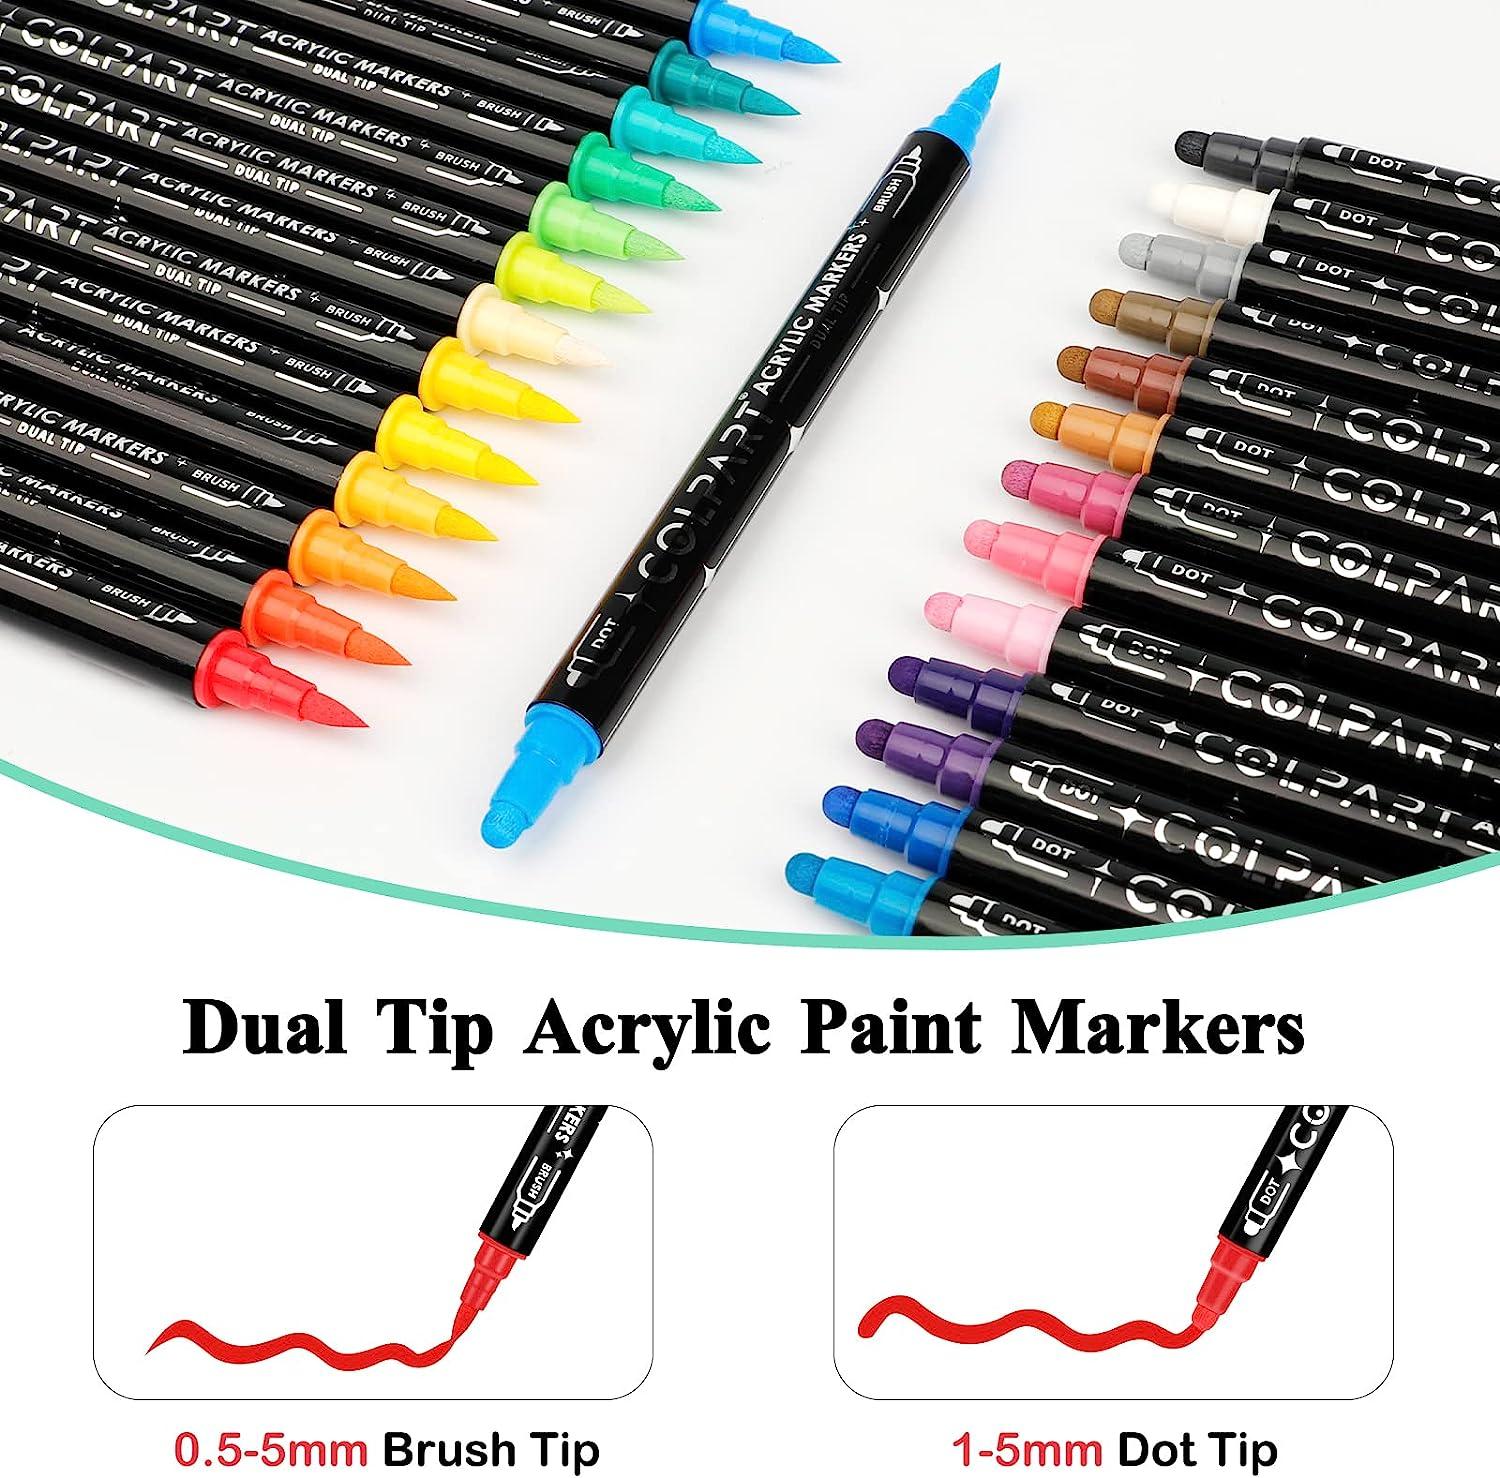 24 COLOUR DUAL TIP ACRYLIC PAINT MARKERS FINE TIP & DOT TIP at Rs
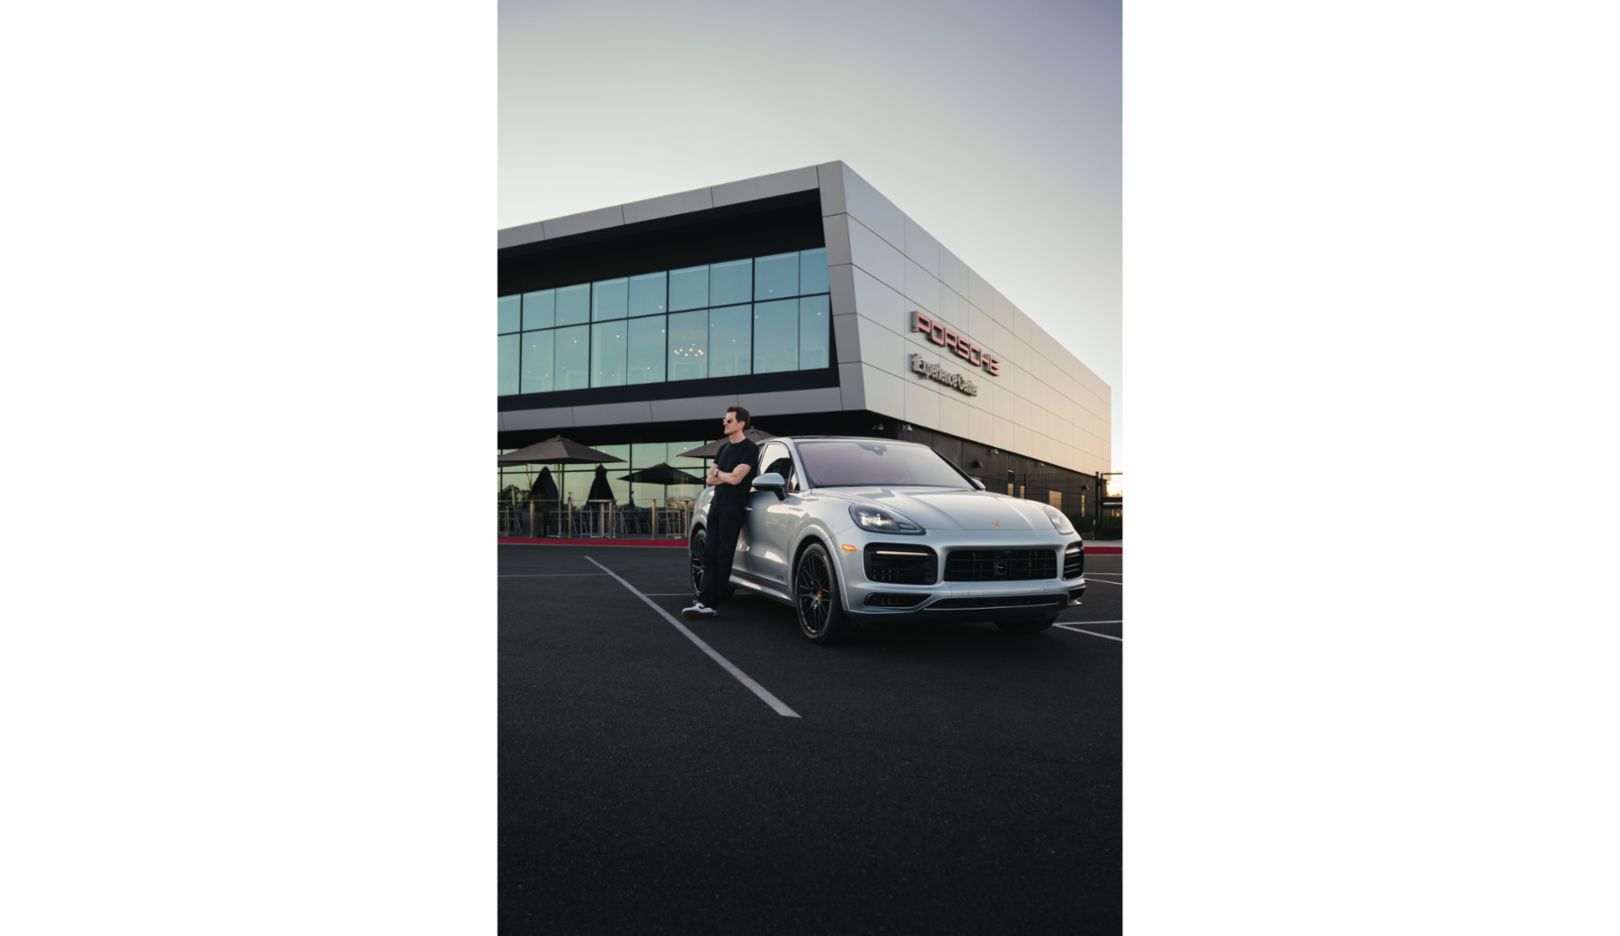 Driving practice: every few months, the director trains on the track at the Porsche Experience Center in Los Angeles.
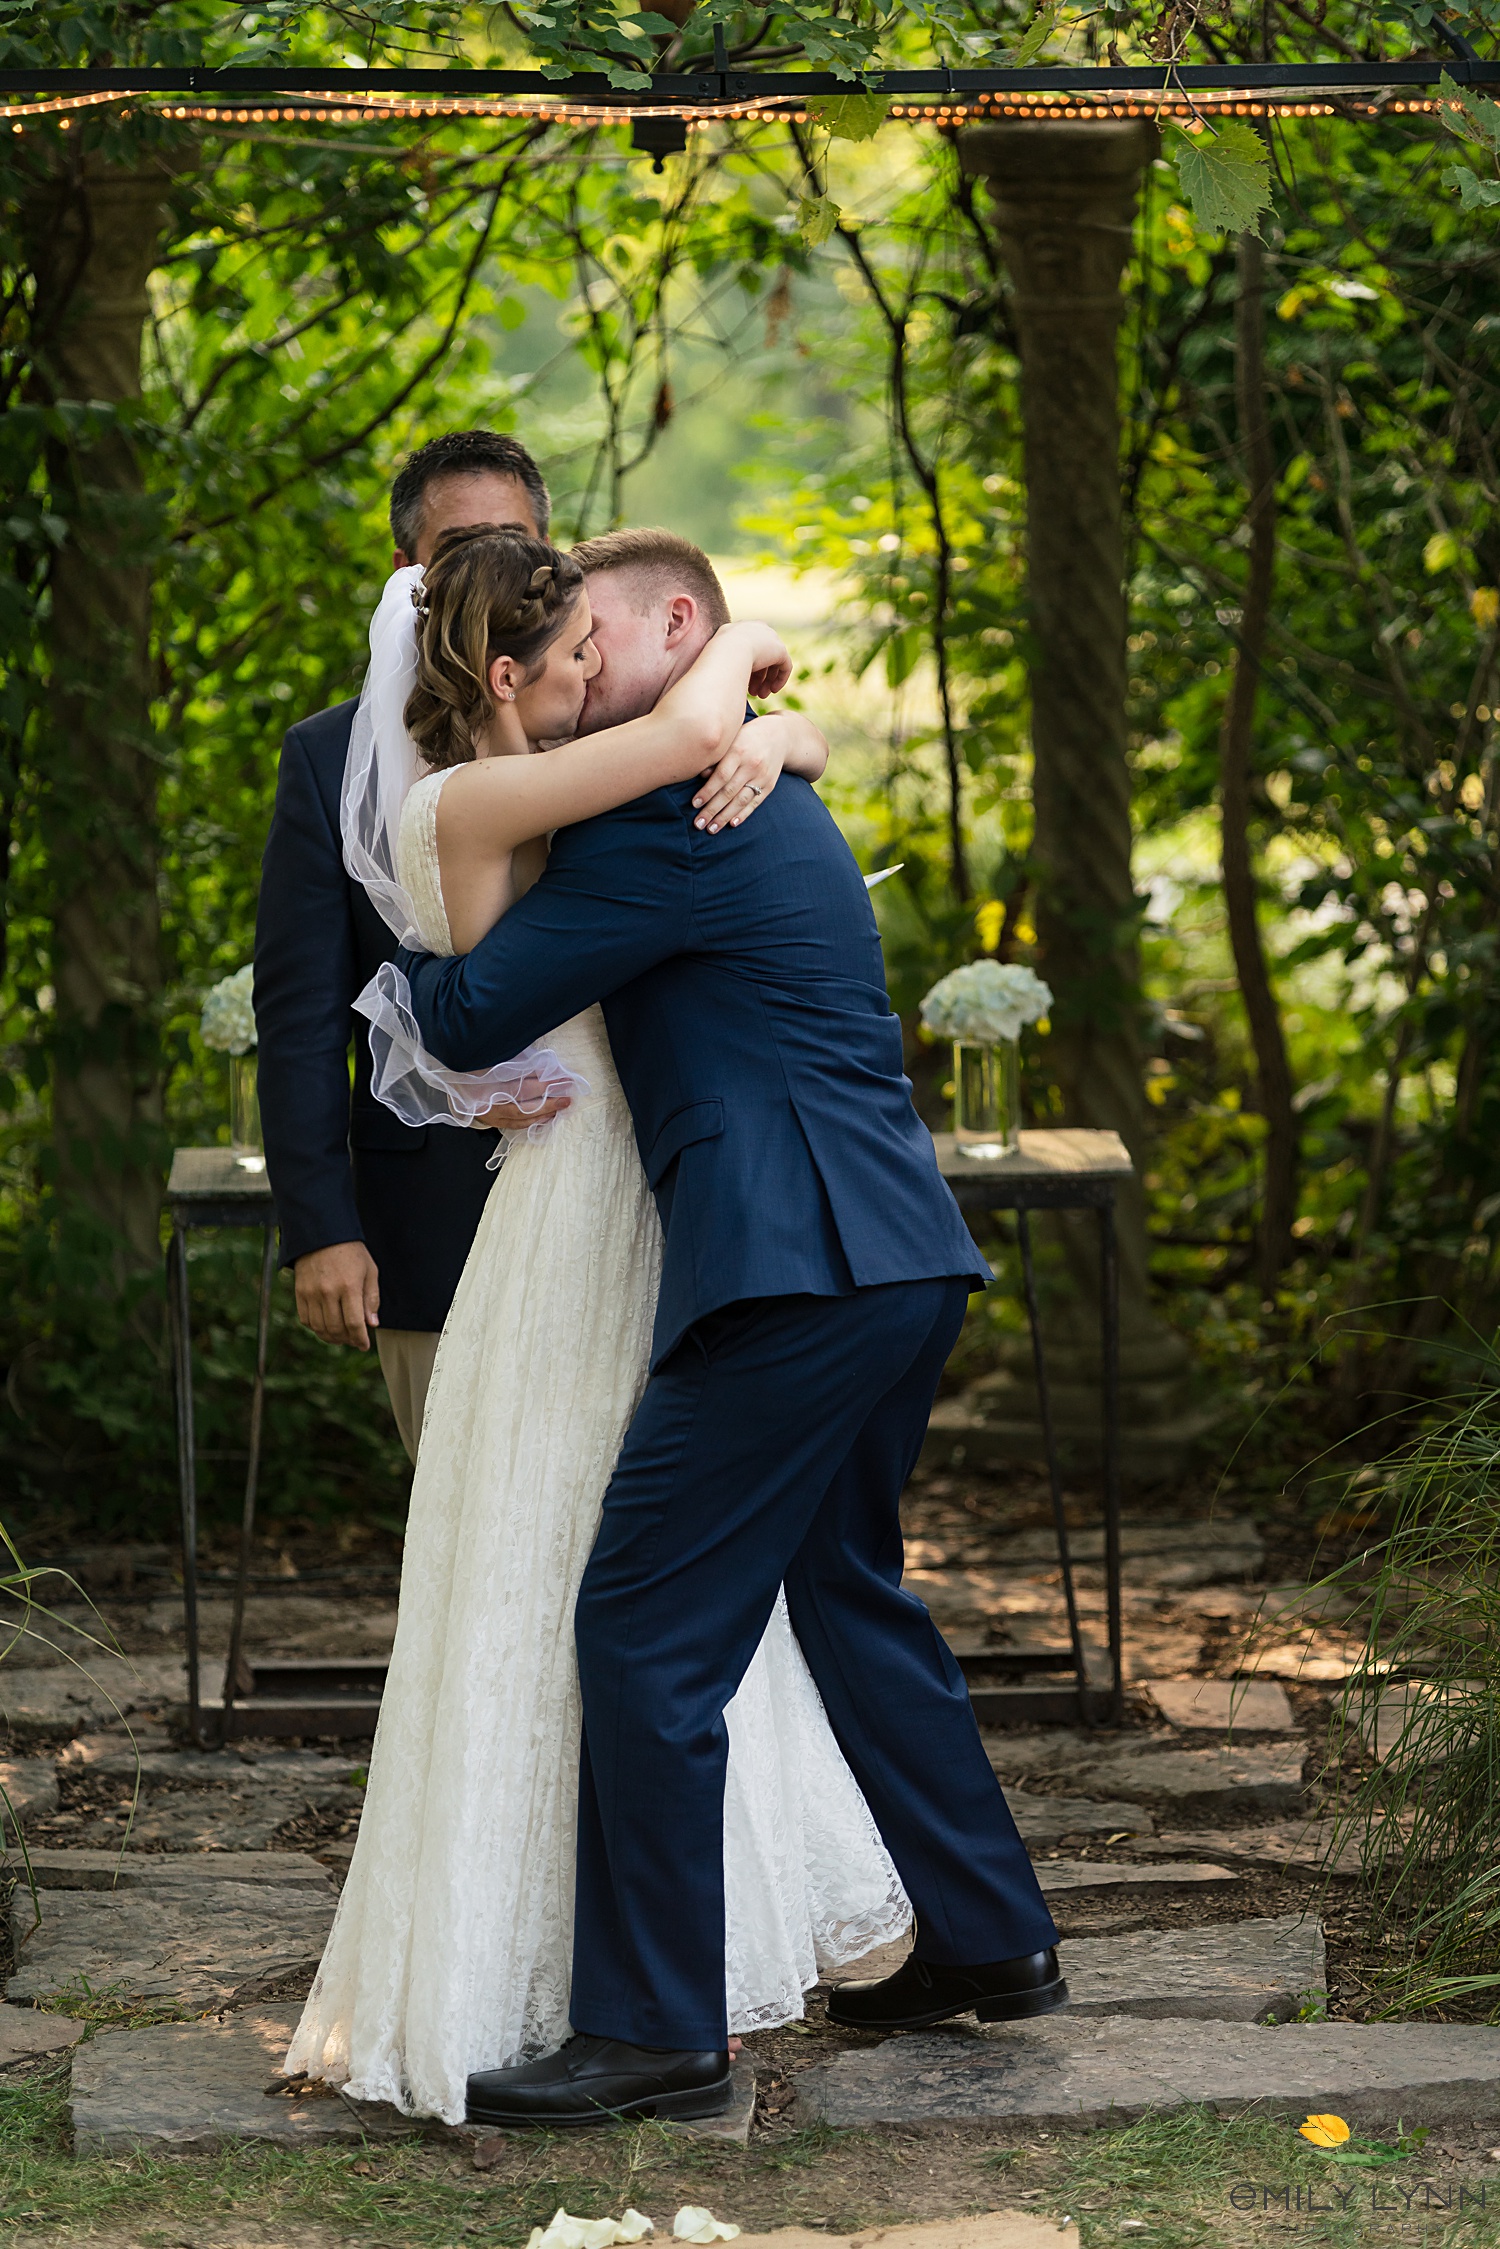 First kiss photo during the ceremony. Wedding-Photos-at-Enchanted-Acres-KC-Wedding-Photographer-Emily-Lynn-Photography.
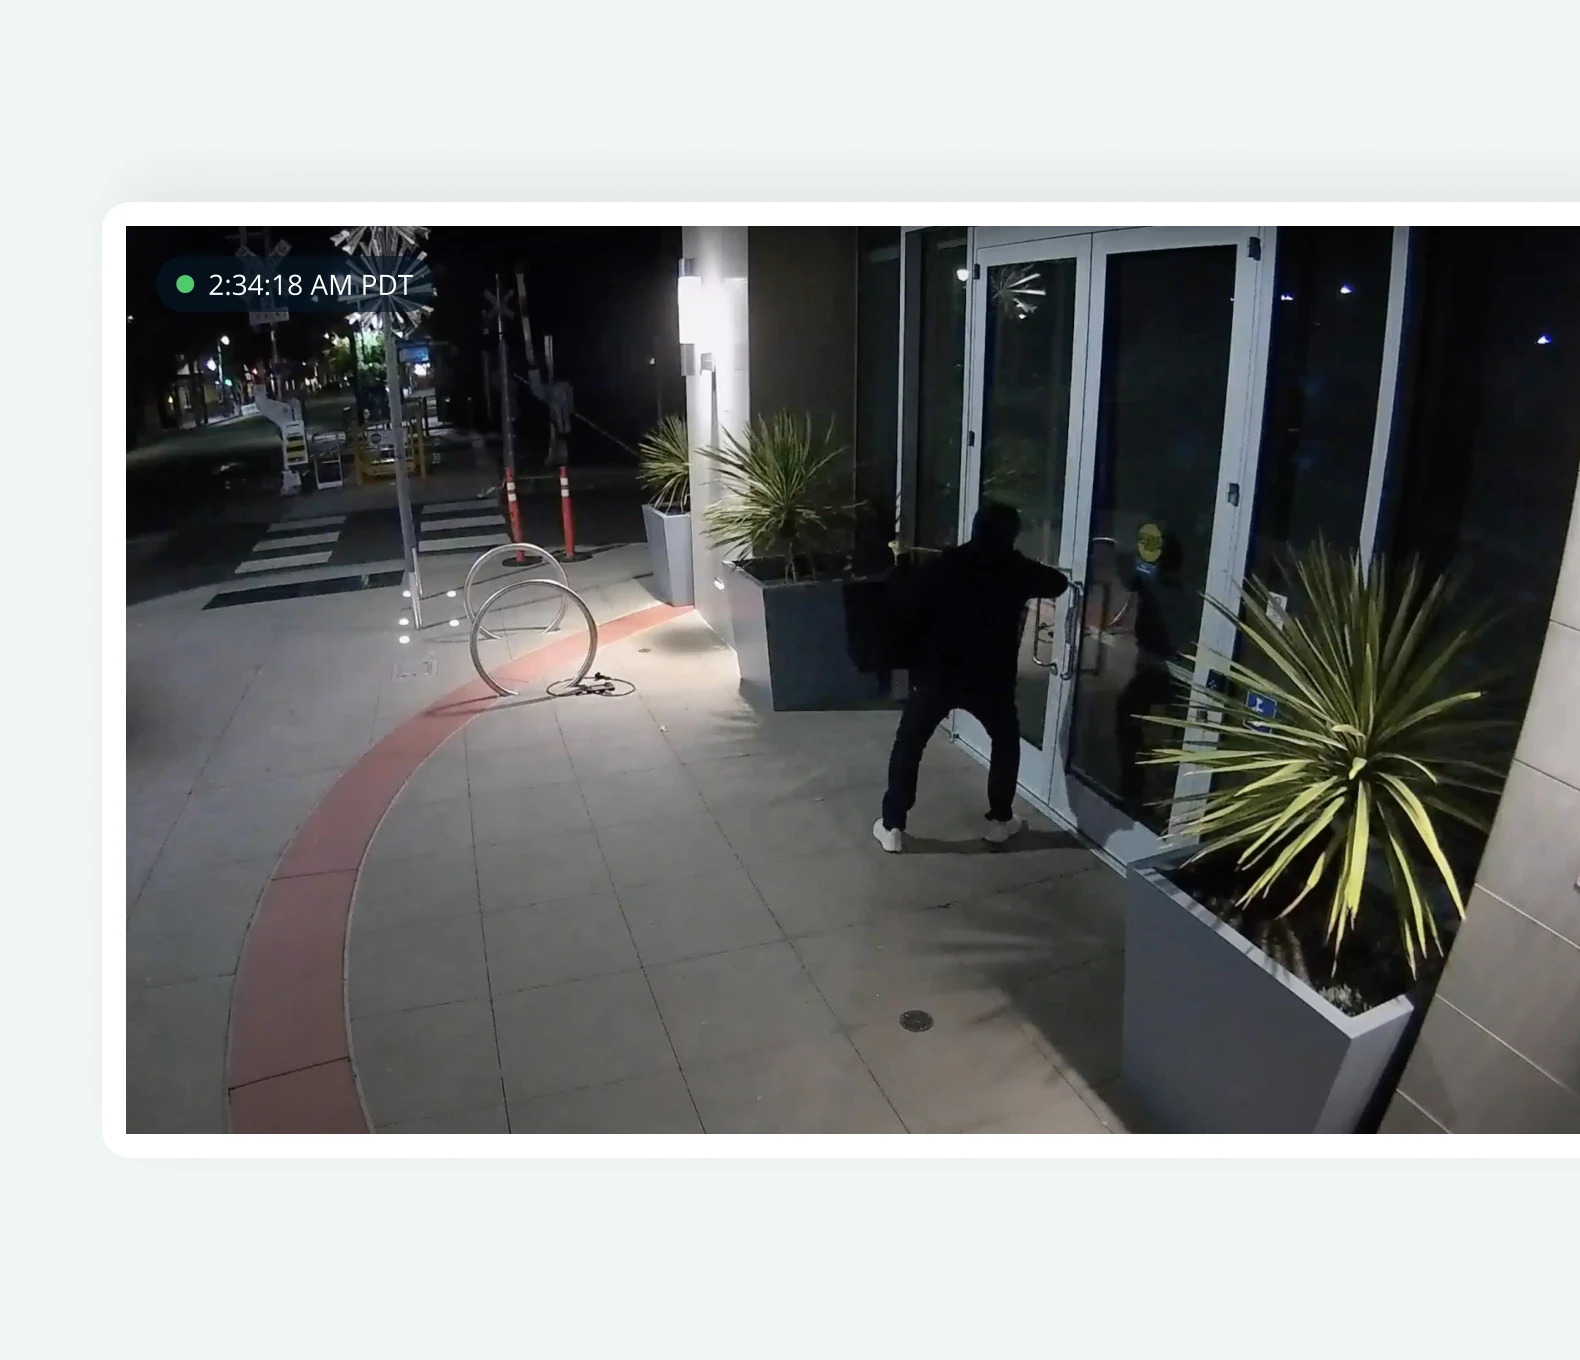 Man breaking into business as captured by video monitoring services

Requirement
Copy the data word for word, no pictures.

Answer to this problem
 24 COLOUR DUAL TIP ACRYLIC PAINT MARKERS FINE TIP & DOT TIP at Rs
 Driving practice: every few months, the director trains on the track at the Porsche Experience Center in Los Angeles.
 First kiss photo during the ceremony. Wedding-Photos-at-Enchanted-Acres-KC-Wedding-Photographer-Emily-Lynn-Photography.
 Man breaking into business as captured by video monitoring services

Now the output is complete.